Not much of a difference, but if the speed holds up, it will confine Einstein's theory of relativity to a world without neutrinos.
I've been expecting something like that to happen.
I went to a Catholic high school run by the Christian Brothers, and thought I was getting a good education, until I competed to get into Rice University with kids who'd had a real education in math. There were questions on the exam I couldn't even read, let alone answer. Probably the only person in the world with as low an opinion of Catholic education as mine is Pierce Brosnan, who also went to a Christian Brothers school.
When I started college, I was still struggling with math. I took Calculus three times. First time I made a B, so I took it over and made a C. I gave my daughter a copy of that college transcript last year so she'll never have to worry about what I think about her math grades.

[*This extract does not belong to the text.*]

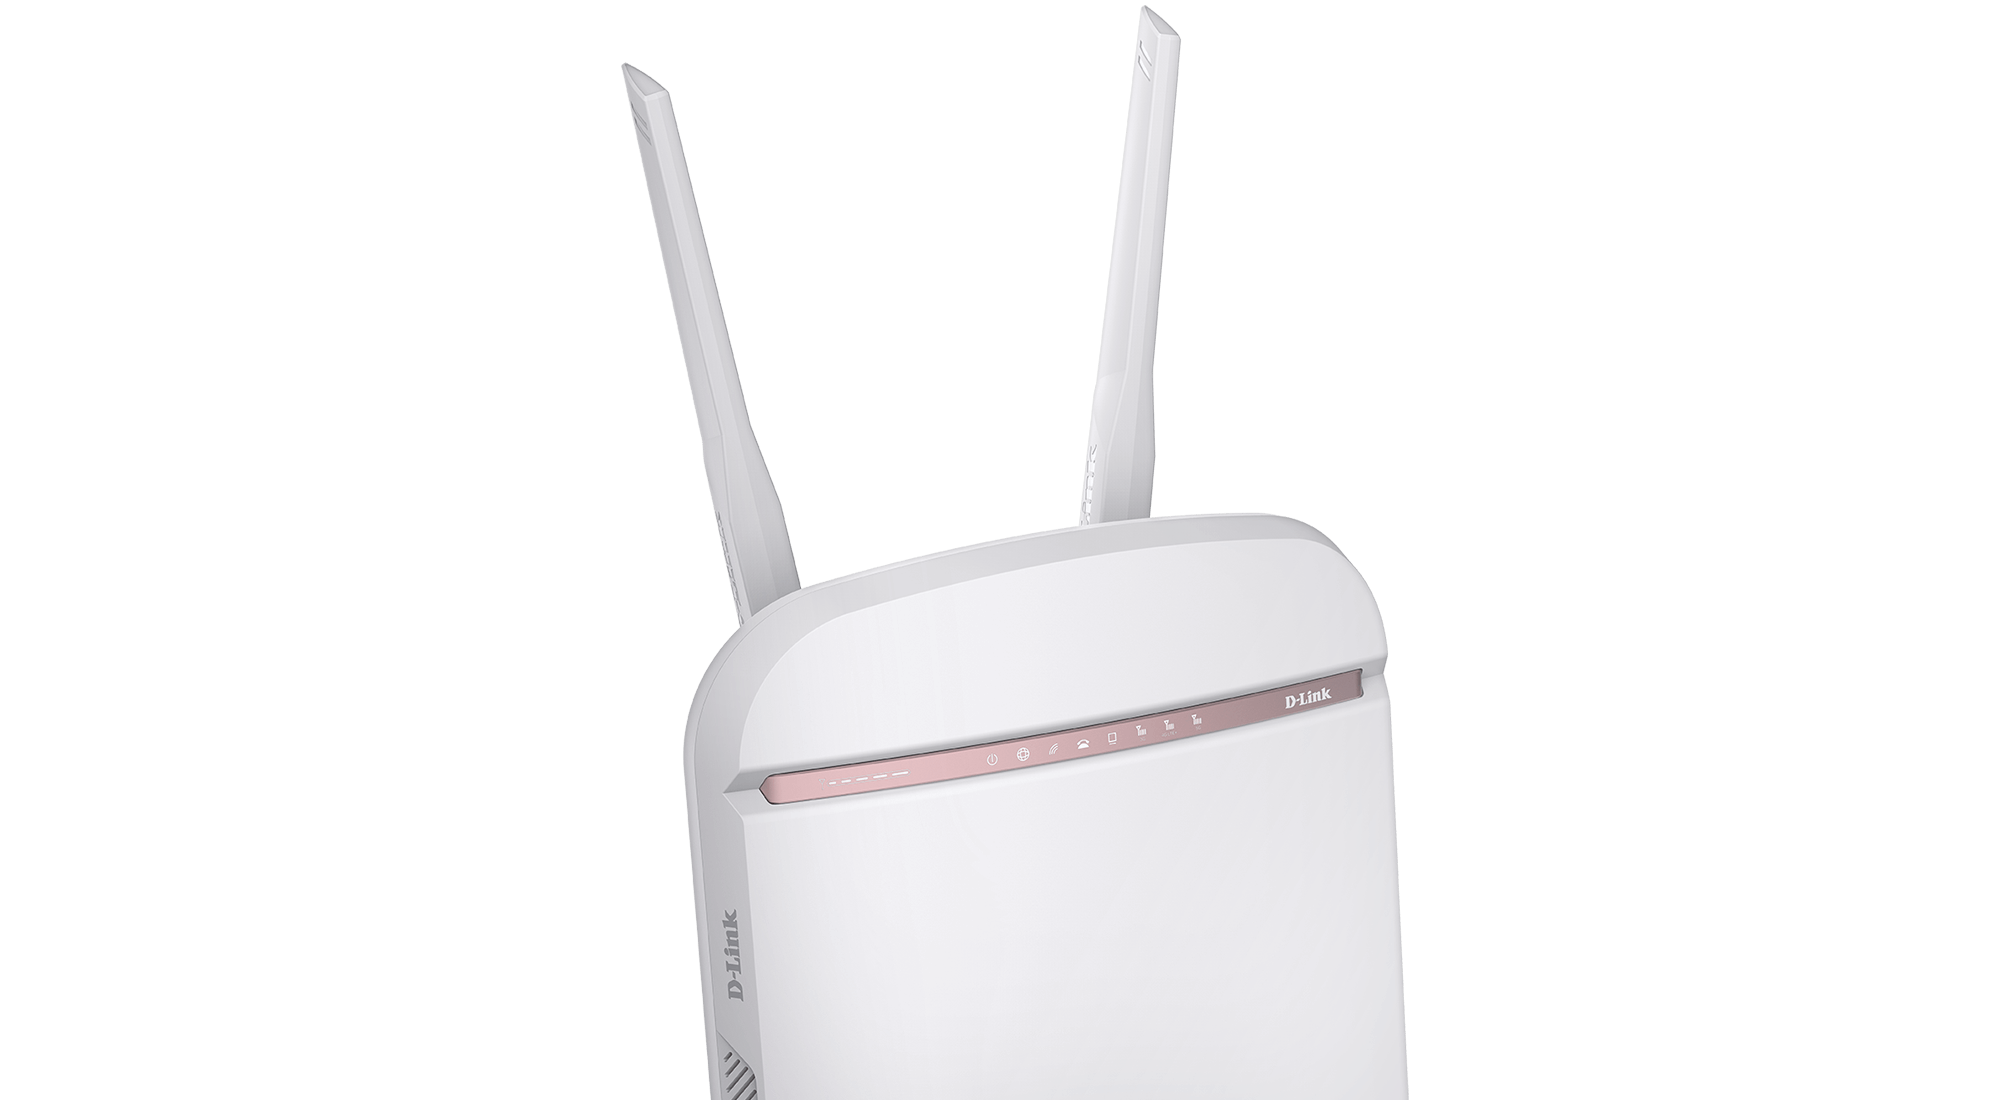 DWR-978 5G AC2600 Wi-Fi Router - front view

I dropped out of college my senior year, bummed around until I got drafted, and spent some time in and out of the Army in Germany. Along the way, I met one of the most important people in my life, a guy named Joe Farina, who went through advanced training with me in San Antonio. Farina was working for Lockheed at NASA and doing a six-month hitch in the Reserves. At the end of our training, he went back to Houston and I shipped out for Germany. We corresponded while I was in the Army, and, when I returned to Galveston from Europe, we spent the summer hanging out at the beach and the Galvez Hotel pool. That summer, he taught me the fundamental concepts of math I should have learned when I was a kid.
Farina worked with a guy named George who had a theory about Einstein's equations I found fascinating. According to George, the reason those electrons couldn't go faster than the speed of light wasn't that they got denser the way Einstein said. It was because they started to wobble.
So I was thinking about George yesterday when I heard about those super-fast neutrinos. Thinking maybe those neutrinos fly straight. But mainly I was thinking about Joe Farina and about how in just a couple of months one guy could undo 4 years of harm caused by a bunch of incompetent educators. I owe him more than he will ever know.